В сельце Зименки, в западной стороне уезда, Кострому хоронят так: делают из соломы чучело, точно так же, как и в слободе, с тою только разницею, что там Кострома изображает собою женщину, а здесь - мужчину. Его сряжают в мужское платье и кладут в корыто. Одну из находящихся здесь молодых женщин выбирают в жены умершего Костромы, и когда вся процессия двинется в путь, то жена впереди всех идет за корытом и причитывает: «Батюшка, Костромушка, на кого ты меня покинул: закрылись твои ясны оченьки и т.п.» когда же чучело кинут в воду, то изображавшая собою жену Костромы начинает плясать, говоря: «Поди, душа, прямо-таки в рай, таки в рай!» В ближайших к городу селениях заречной стороны (за рекой Окой) - деревне Ольховке с прочими, обычай этот справляется так: берут сноп соломы, одевают его в новый сарафан и платок, увешивают сноп лентами, цветами, потом несут до речки или болота. Тут сноп кидают в воду, говоря: Костромушка - Кострома, Куда твоя голова? - К бесу, к лесу, В омут головой!

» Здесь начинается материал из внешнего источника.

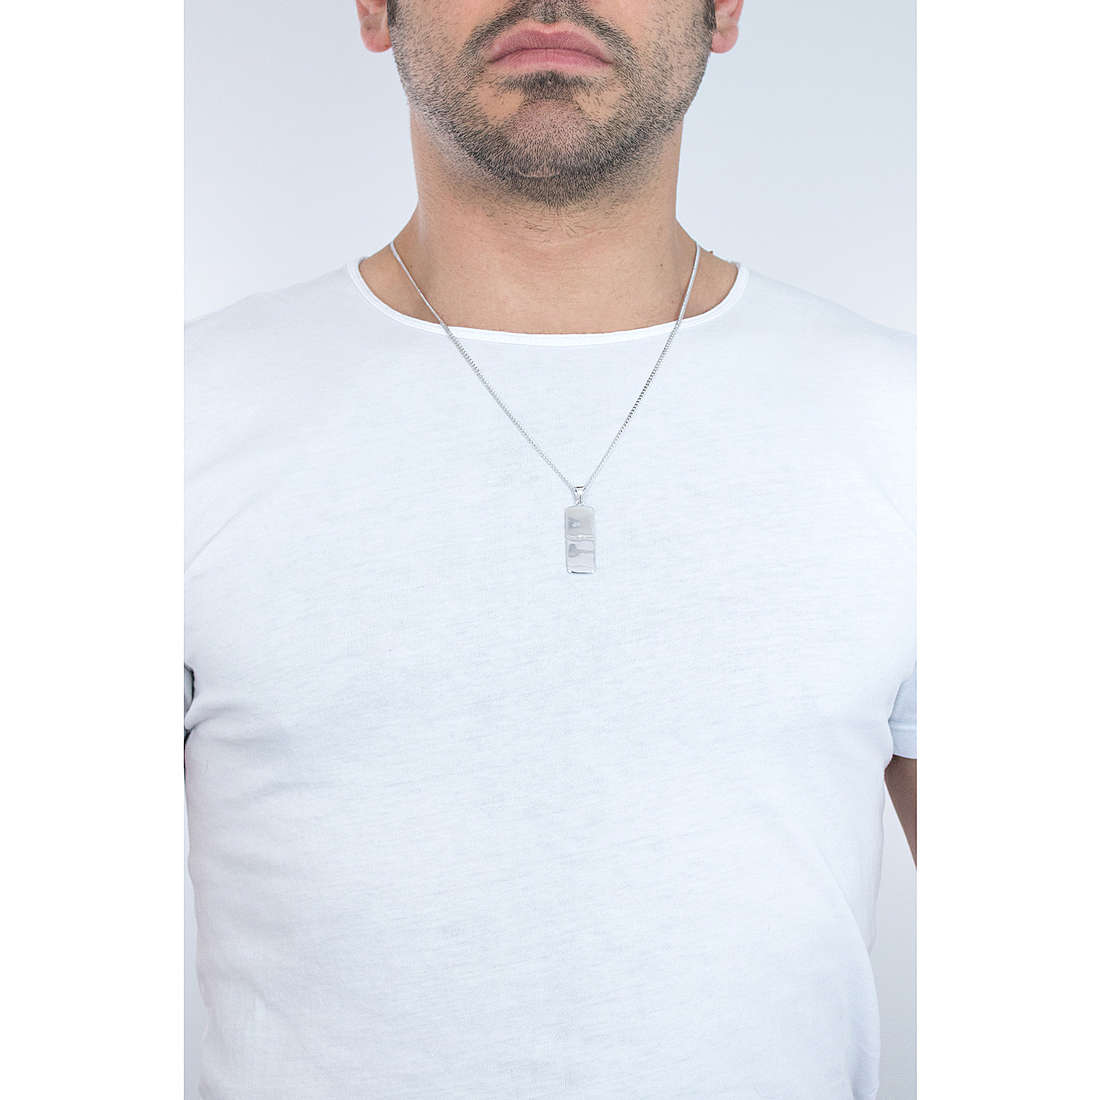 Cesare Paciotti necklaces man JPCL1374B wearing

№ 129. Проводы весны В селениях, окружающих город [Меленки] (д. Венедеевке и других), северной части (с. Крюкове с прочими) [...], между крестьянами существует обычай провожать весну, что совершается в петровские заговины в сумерки. [...] Вереница девок, молодых баб и парней, взявшись за руки, медленно идет по деревне с песнями по направлению на восток [...]. Вышед за околицу, песенницы становятся лицом к солнечному восходу и, спевши хором прощальную песню весне, отвешивают в ту сторону общий поклон. Затем расходятся по домам.

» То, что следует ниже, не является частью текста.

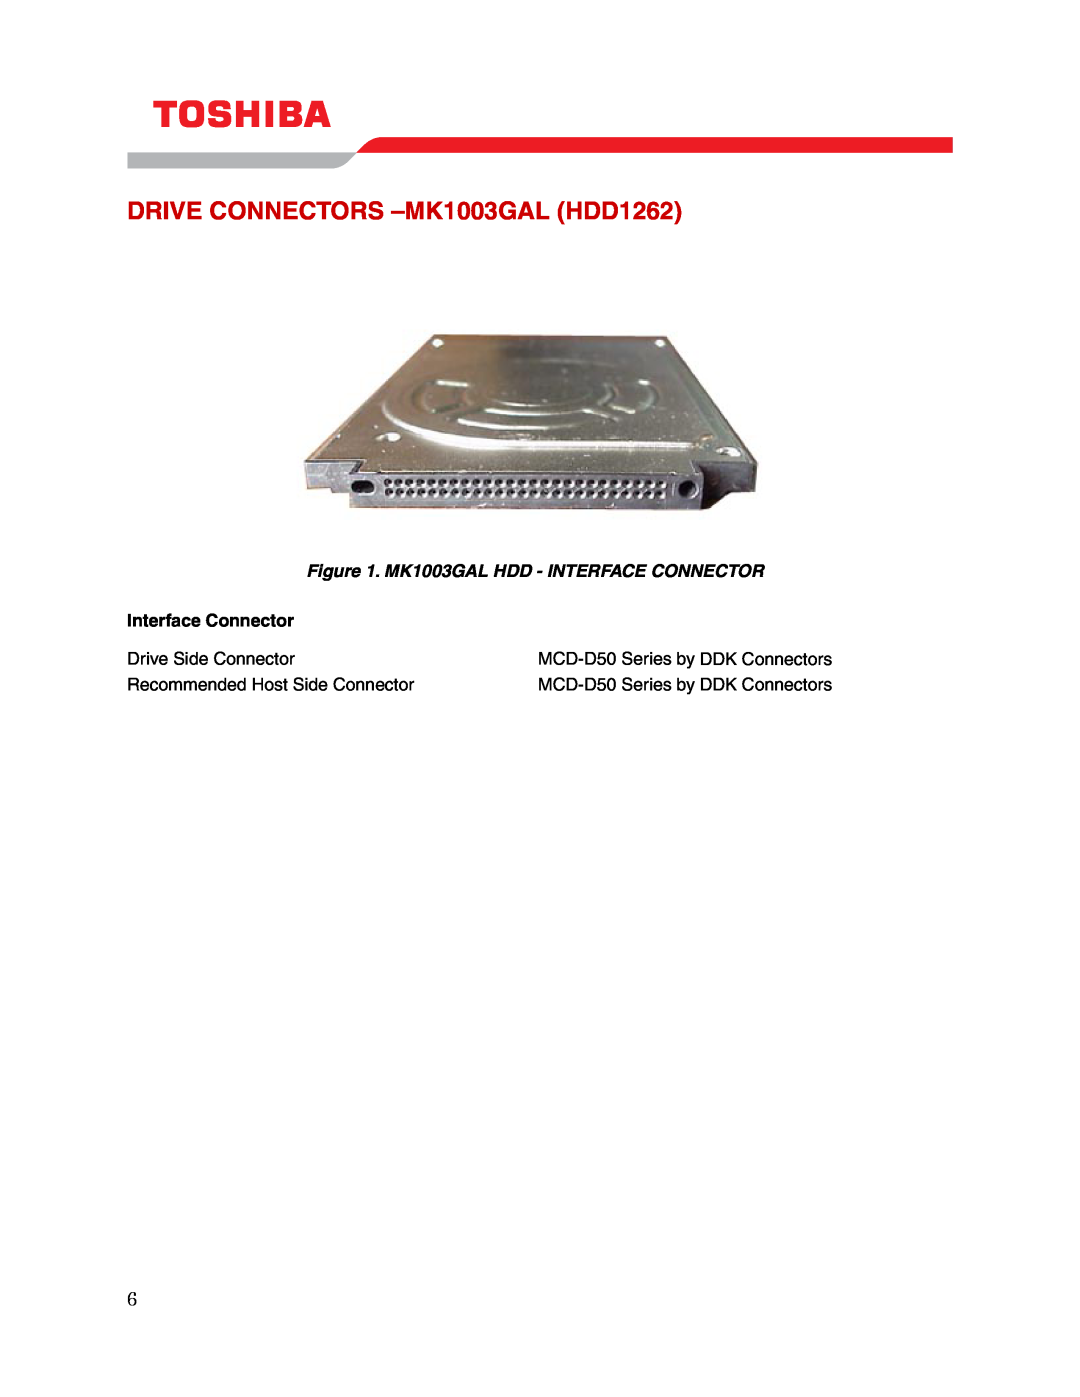 Toshiba user manual DRIVE CONNECTORS -MK1003GAL HDD1262, MK1003GAL HDD - INTERFACE CONNECTOR, Interface Connector

№ 130. Проводы русалки В деревне Пошаговой (Меленковского уезда] и окрестных селениях существует обычай такого рода: в день заговенья перед петровым постом девки и парни совершают проводы русалки. В вечерние сумерки появляются из своих домов: девка, ряженая парнем, в белой рубахе и парень, в девичьем сарафане; оба бегут за околицу - в ржаное поле, их преследуют девки, парни и молодые женщины, которые на меже ржаного поля останавливаются, поют особые песни и водят хороводы. Ряженые скрываются во ржи, что и означает «проводы русалки».
КУПАЛА
Купала - праздник летнего солнцестояния, когда солнце достигает своего апогея и буйно расцветает растительность. День 24 июня у славянских, да и вообще у европейских, народов отмечался возжжением огня и купанием. Есть предположение, что Купала - одно из имен (или воплощений) Дажьбога, одного из древнейших славянских богов, солнечного бога. Церковь всячески боролась с «бесовскими» купальскими игрищами: был установлен петровский пост, запрещавший увеселения, а именно к 24 июня был приурочен день рождества Иоанна Крестителя, чтобы и названия этого величайшего языческого празднества не сохранилось. В итоге: в нашем регионе этот день стал носить название Ивана Цветника, а от купальских обрядов осталось лишь собирание трав и цветов, гадание по венкам, да в некоторых местах массовое купание. Однако на Украине в день Ивана Купалы вплоть до ХХ века продолжали существовать многие древние обряды, исходя из которых можно представить этапы этого празднества. Накануне великого праздника, в Купальницу, вечером начинали собирать колдовские травы, цветы для венков, плели венки. Готовили обрядовое дерево - черноклён (иногда березу или вербу), которое на Украине называли «мораной» (от имени богини зимы и смерти Марены). Дерево устанавливали на месте всегдашнего купальского гулянья около реки или озера. Основное празднество происходило ночью и носило массовый характер без разделения по полам. Путем трения добывали ритуальный огонь и возжигали костер, через который перескакивали, водили вокруг хороводы. «Костры зажигали в честь солнца как его земное подобие». Водили хороводы и вокруг обрядового дерева, которое в конце гулянья бросали в воду (или сжигали) и гадали по венкам. Купание, по-видимому, продолжалось всю ночь, наряду с хороводами, и заканчивалось на заре, когда, по поверью, «купается солнце». Сохранились сведения о массовом характере купанья и о том, что купались без одежды, что, вероятно, и является исконным для этого очистительного обряда. В ночь на Купалу допускались и вольные отношения между полами, о чем сохранились свидетельства из некоторых мест Белоруссии. Утром, по-видимому, люди поднимались на возвышенное место и встречали солнце. Этот обряд сохранился в некоторых местах центральной России, но приуроченным уже к Петрову дню. Поверья о нечистой силе, которой нужно остерегаться в купальскую ночь, явно поздние и появились под влиянием церковных гонений на колдунов, ворожей, знахарей.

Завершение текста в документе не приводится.